The fact that our study provides a controlled comparison using synthetic patient scenarios representing risk groups eliminates the variability in real patient data and allows direct comparison of ChatGPT-4o and nomogram outputs. Furthermore, the reference to MSKCC, a validated nomogram widely used in clinical practice, increases the clinical validity of the results. On the other hand, the study has some limitations. The use of synthetic patient scenarios may not fully reflect the heterogeneity and clinical nuances of real-world patient populations. The use of only a single AI chatbot (ChatGPT-4o) and a single nomogram (MSKCC) may limit the generalizability of the results. Furthermore, although 40 patient scenarios were sufficient for statistical analyses, the smaller number of cases, especially in subgroups (10 scenarios in each risk group), may have led to smaller correlations not being statistically significant.

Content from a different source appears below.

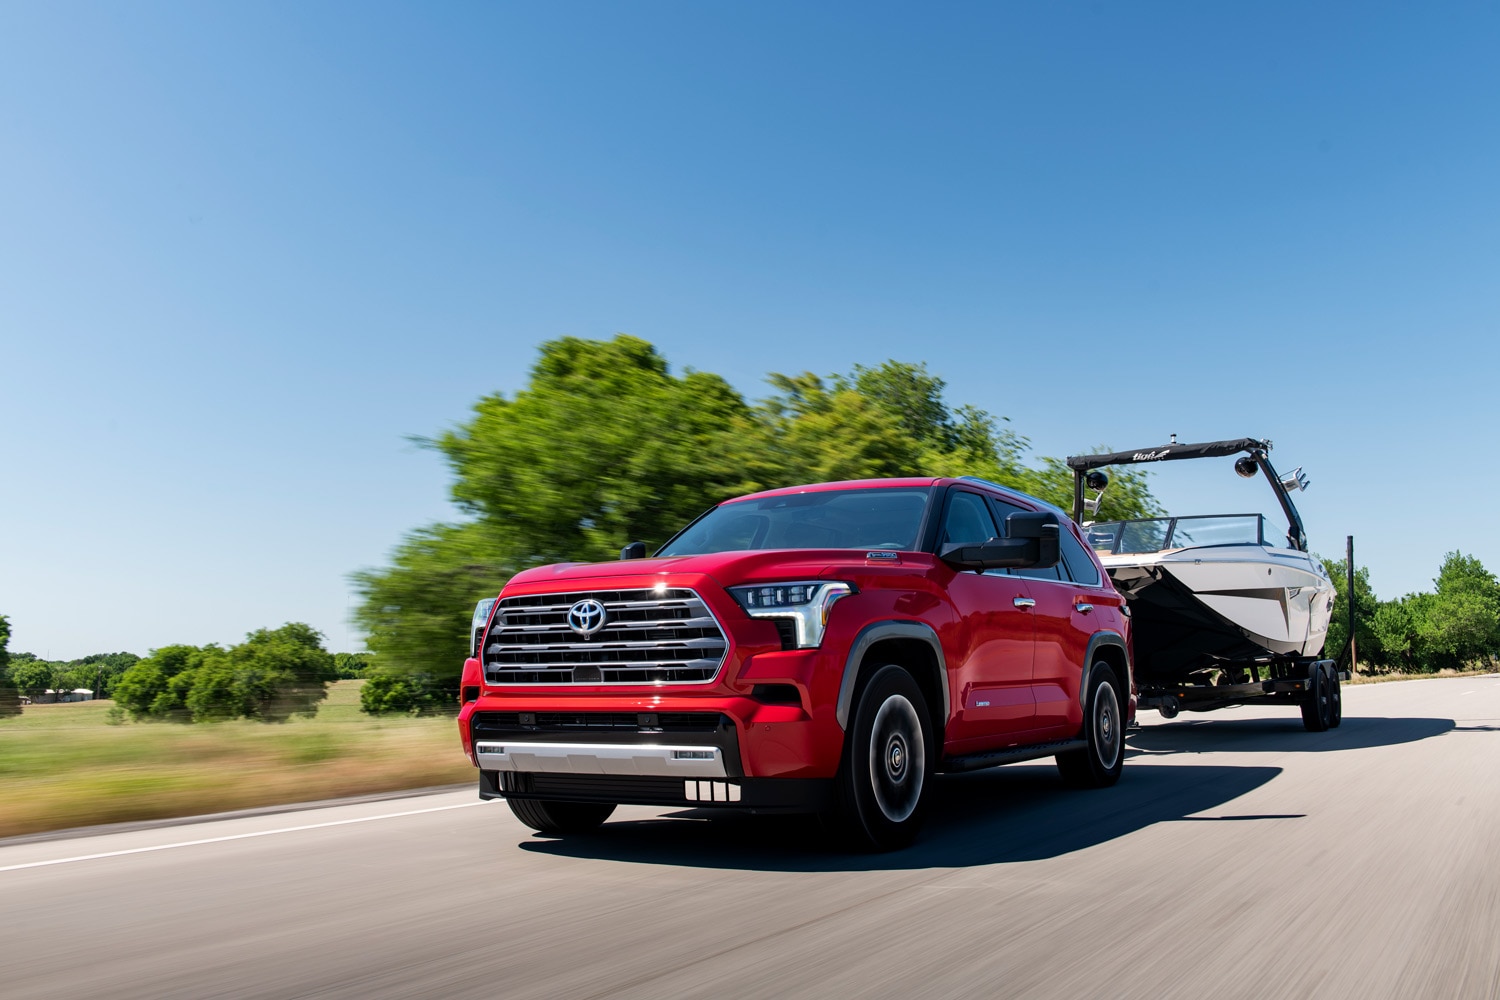 2023 Toyota Sequoia Capstone in Supersonic red towing ski boat

In conclusion, our findings suggest that ChatGPT-4o may be a promising tool in the field of prostate cancer risk prediction, but exhibit significant inconsistencies compared to existing nomograms, especially in complex scenarios such as high-risk and locally advanced disease. These findings emphasize the need for extensive validation and development studies on larger and real patient cohorts before AI can be widely used in clinical practice. Future research should focus on the specific training of AI models with medical data and their integration as a decision support tool for physicians.
DISCUSSION
The use of AI models in medicine is rapidly increasing, and various studies have been conducted in prostate cancer prognostic predictions (11). In the existing literature, AI is reported to show promising results in prostate cancer diagnosis and staging by combining imaging, pathology and clinical data (11,14). However, studies directly comparing AI chatbots with clinical risk nomograms and examining performance differences, especially in complex patient groups, are limited. Our study is an important step towards filling the knowledge gap in this field and emphasizes the need for a careful validation process before clinical use of AI. Considering that traditional nomograms have undergone years of validation based on specific clinical parameters, AI needs to be tested with similar rigor.

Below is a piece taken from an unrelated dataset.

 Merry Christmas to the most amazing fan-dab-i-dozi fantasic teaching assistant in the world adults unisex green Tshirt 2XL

This study focused on the comparison of the predictions provided by ChatGPT-4o, an AI-based chatbot, and the MSKCC nomogram commonly used in clinical practice for preoperative risk prediction in prostate cancer. Our findings revealed that ChatGPT-4o were highly correlated with nomograms in general, but exhibited significant inconsistencies in certain prediction topics, especially in high-risk and locally advanced patient groups. These results are critical to understanding the potential and current limitations of AI-based tools in clinical practice.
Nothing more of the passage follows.